It seems to me that you are starting a new thread for every prime check. This is not good IMHO, because the start / end of the stream plus synchronization adds to the calculation of each stroke. Starting a thread can be quite slow.
I would recommend starting these 4 threads outside the main for loop and processing 1/4 of the range in each thread.
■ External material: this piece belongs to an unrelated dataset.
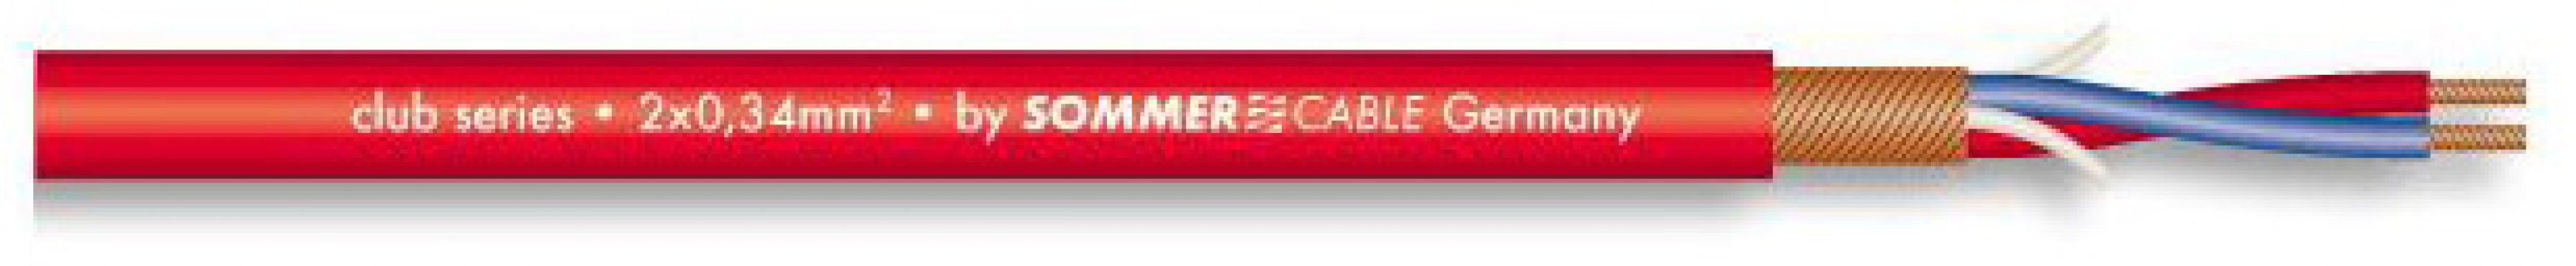 Sommer Cable 200-0053 CLUB SERIES MKII - ČERVENÝ
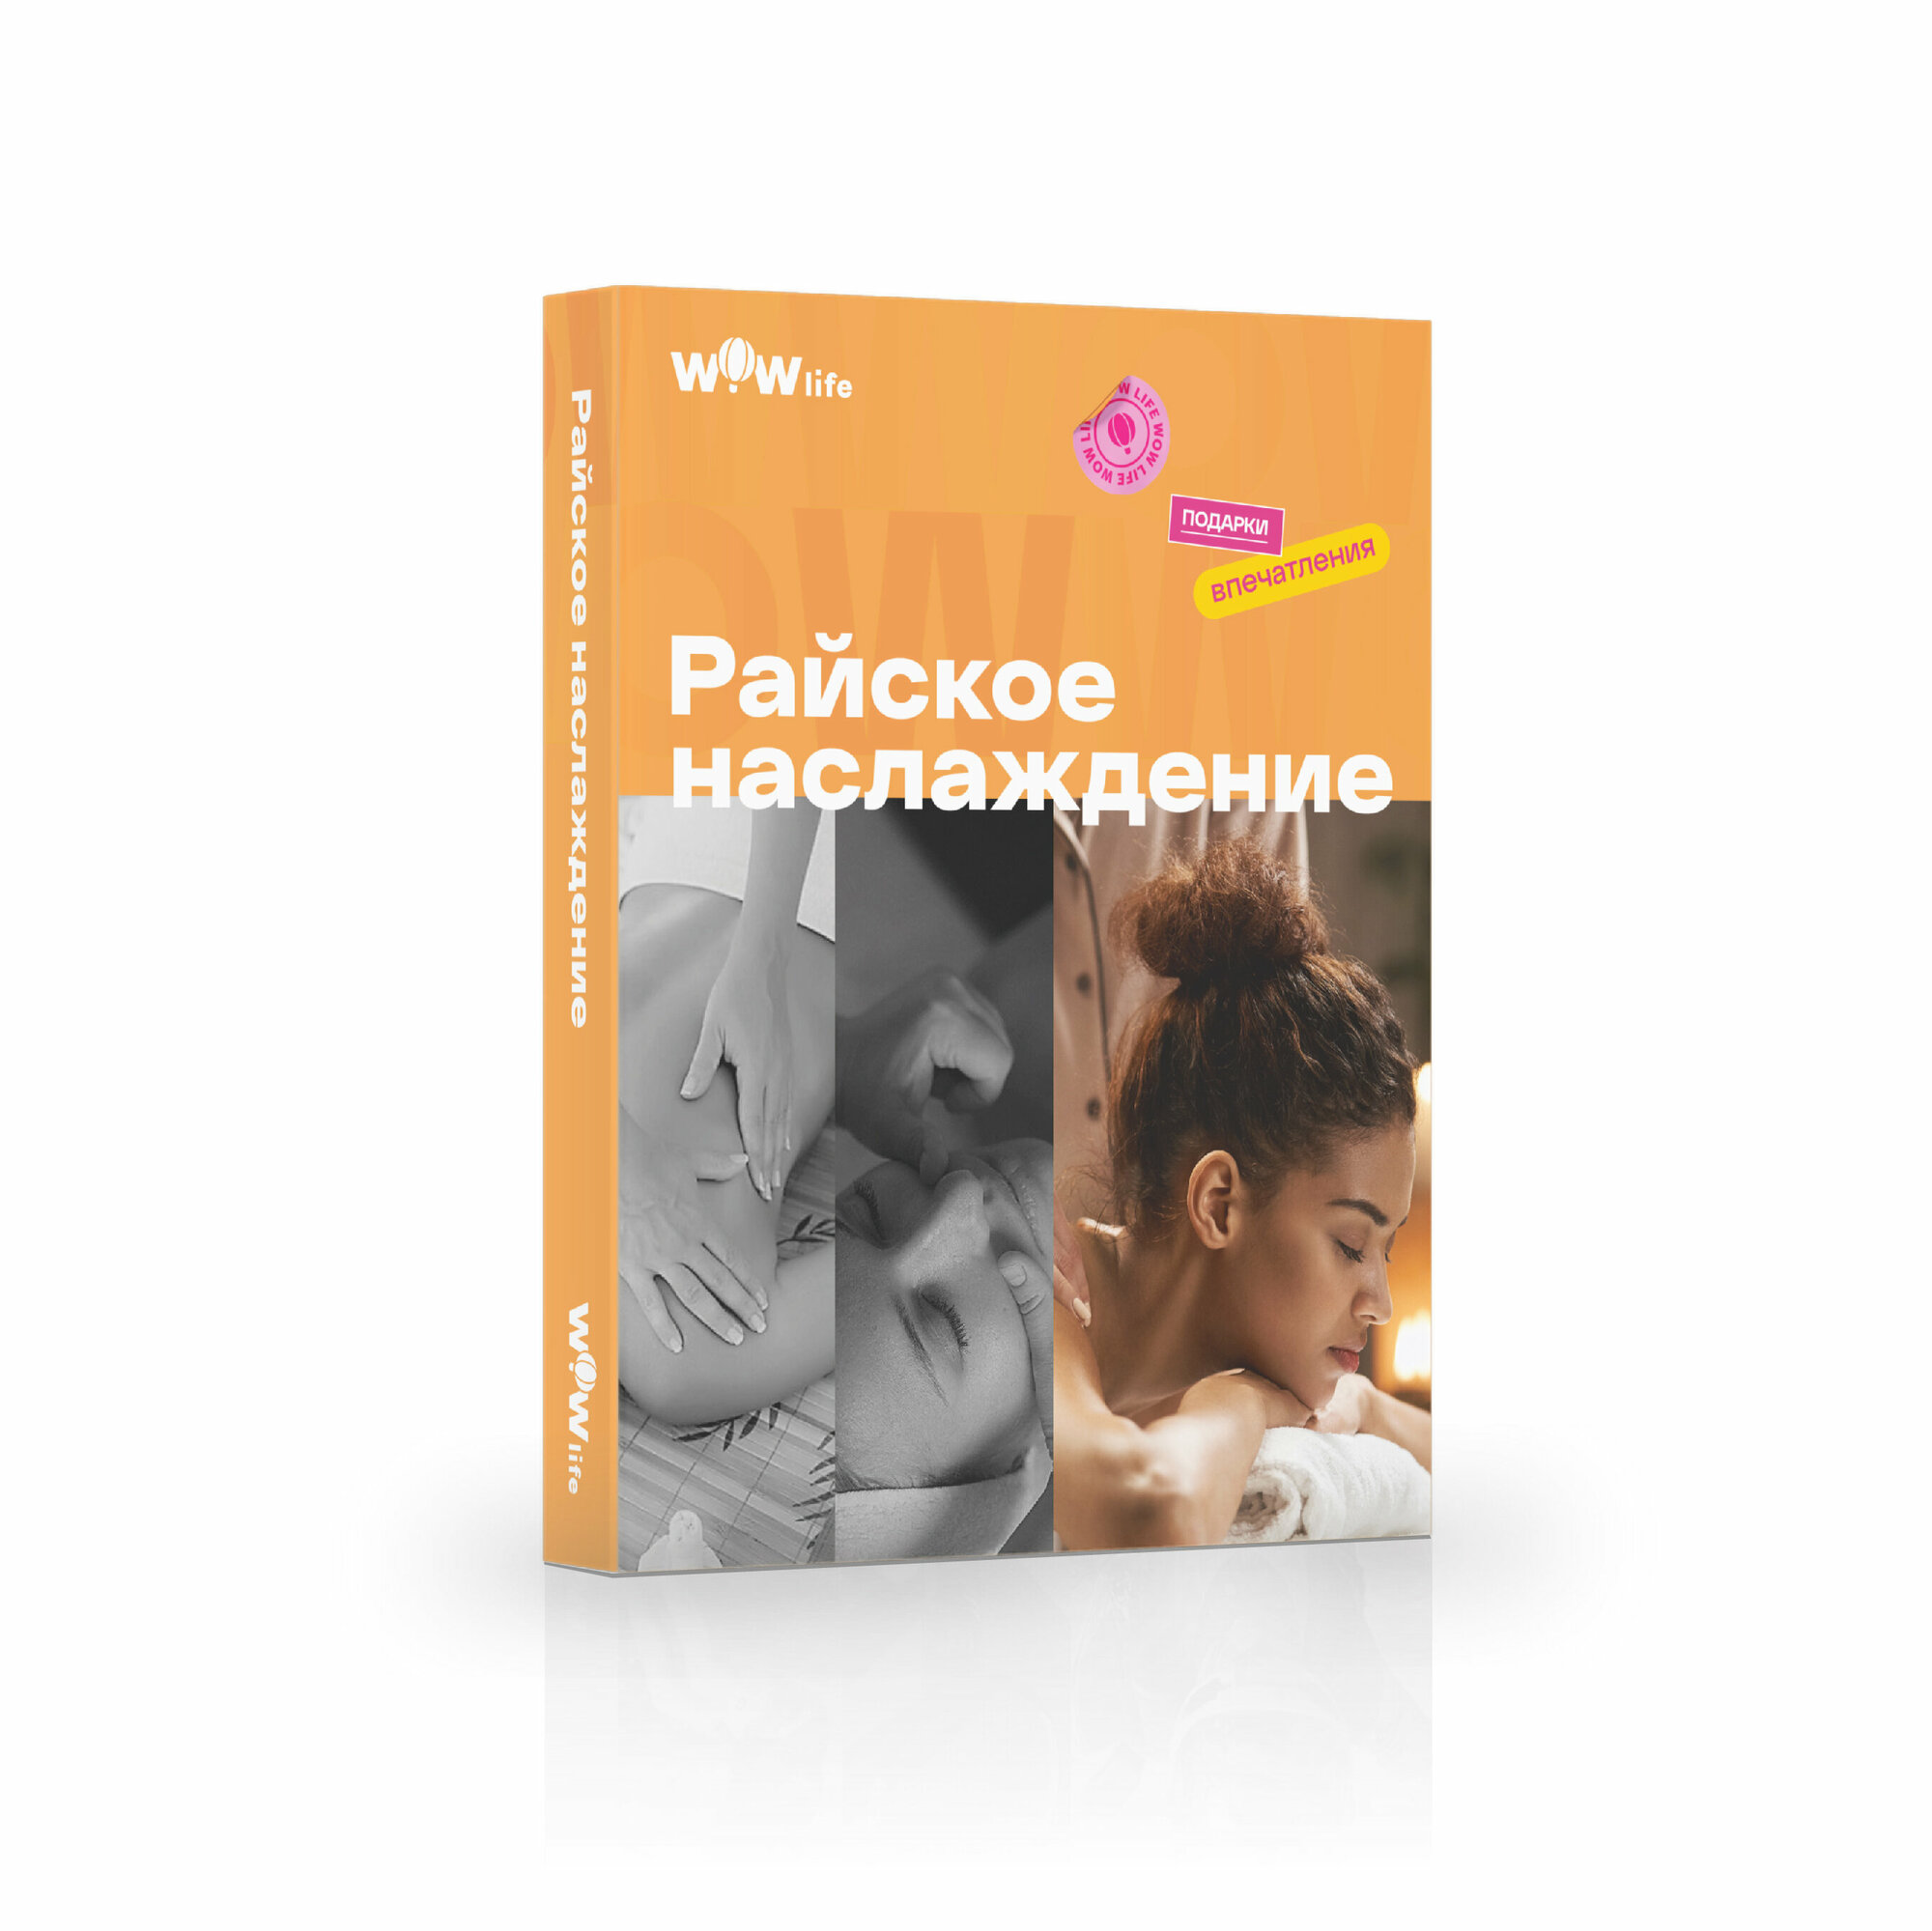 Подарочный сертификат WOWlife "Райское наслаждение" - набор из впечатлений на выбор, Санкт-Петербург

But this may require additional synchronization, because in order to verify simple code, the above code, apparently, must first have prime numbers up to sqrt N.
From my point of view, it would be easier to use the Sieve of Erastothenes algorithm , which can be much easier to parallelize without any blocking (however, a problem known as fake exchange may still occur).
EDIT
Here I quickly created a version using an Erastothenes sieve:
void processSieve(const unsigned long long& l, const unsigned long long& start, const unsigned long long& end, const unsigned long long& step, vector<char> &is_prime) { for (unsigned long long i = start; i <= end; i += step) if (is_prime[i]) for (unsigned long long j = i + i; j <= l; j += i) is_prime[j] = 0; } void runSieve(const unsigned long long& l) { vector<char> is_prime(l + 1, 1); unsigned long long end = sqrt(l); processSieve(l, 2, end, 1, is_prime); primeContainer.clear(); for (unsigned long long i = 1; i <= l; ++i) if (is_prime[i]) primeContainer.insert(i); } void runSieveThreads(const unsigned long long& l) { vector<char> is_prime(l + 1, 1); unsigned long long end = sqrt(l); vector<thread> threads; threads.reserve(cpuCount); for (unsigned long long i = 0; i < cpuCount; ++i) threads.emplace_back(processSieve, l, 2 + i, end, cpuCount, ref(is_prime)); for (unsigned long long i = 0; i < cpuCount; ++i) threads[i].join(); primeContainer.clear(); for (unsigned long long i = 1; i <= l; ++i) if (is_prime[i]) primeContainer.insert(i); }
Measurement results, strokes up to 1,000,000 (MSVC 2013, issue):
runLoop: 204.02 ms runLoopThread: 43947.4 ms runSieve: 30.003 ms runSieveThreads (8 cores): 24.0024 ms
Up to 10,000,000:
runLoop: 4387.44 ms
Times include final processing of the vector and clicking the results on the main number.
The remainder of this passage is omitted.